A well-qualified candidate will be responsible for the analysis and response to 3rd level security events. This will require knowledge for working information security alerts though the use of a Security Information and Event Manager (SIEM) to triage, mitigate, and escalate issues as needed while capturing essential details and artifacts. On-call responsibilities will be required. The candidate will need to demonstrate proficiency with the tools and processes mentioned in the Knowledge/Skills/Abilities section.

• Act as liaison with solution owners and IT groups to ensure understanding of security principles

• Possess strong analytical, collaborative, problem solving, organizational and planning skills

• Possess strong written and oral interpersonal skills

• Collaborate with members of the Kindred Information Security department, application owners, software architects, and administrators.

• Ability to keep CISO and senior executives informed of security incidents and answer security related questions/concerns of senior executives in clear, concise, understandable manner.

• Ability to work independently as needed.

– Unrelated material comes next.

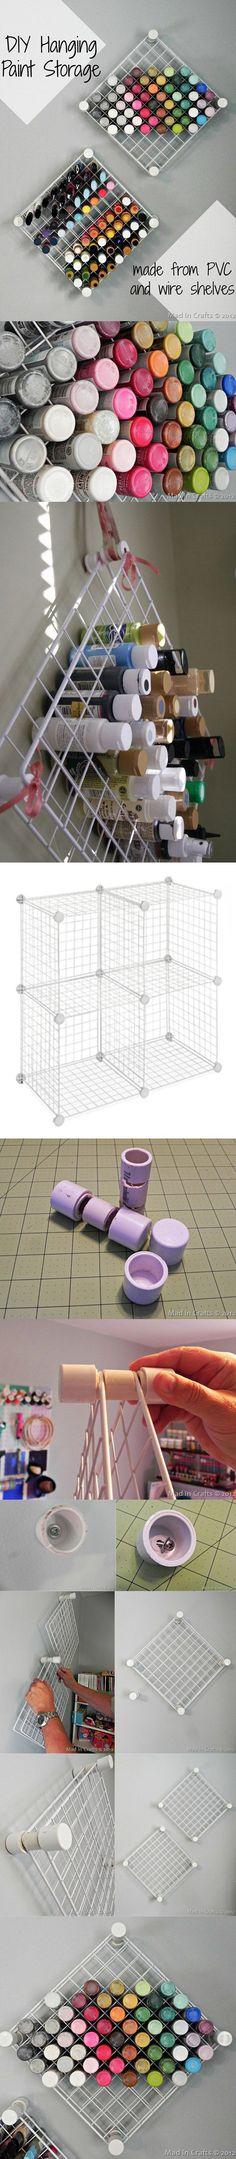 almacenador-estanteria-rejilla-diy-muy-ingenioso

• Ensure that all solutions set up for security and monitoring can effectively monitor and report upon security events happening within the environment

• Stay informed on attacks and vulnerabilities on all types of systems, including all Microsoft Windows system, AIX, Linux, Cisco IOS, Apple OS X and audit compliance of Vulnerability Management Program

• Make recommendations for changes to the environment that can help in the removal of vulnerabilities and reduction in the risk of exploitation that may result in potential incidents

• Initiate and produce custom scripts needed to make logging and alerting requirements easy and effective

• Architect, design, implement, maintain and operate information system security controls and countermeasures.

• Analyze and recommend security controls and procedures in acquisition, development, and change management lifecycle of information systems, and monitors for compliance.

• Analyze and recommend security controls and procedures in business processes related to use of information systems and assets, and monitors for compliance.

• Monitor information systems for security incidents and vulnerabilities; develop monitoring and visibility capabilities; report on incidents, vulnerabilities, and trends.

• Responds to information system security incidents, including investigation of, countermeasures to, and recovery from computer-based attacks, unauthorized access, and policy breaches; interacts and coordinates with third-party incident responders, including law enforcement.

• Analyze and develop information security policies, procedures, standards, baselines and guidelines with respect to information security.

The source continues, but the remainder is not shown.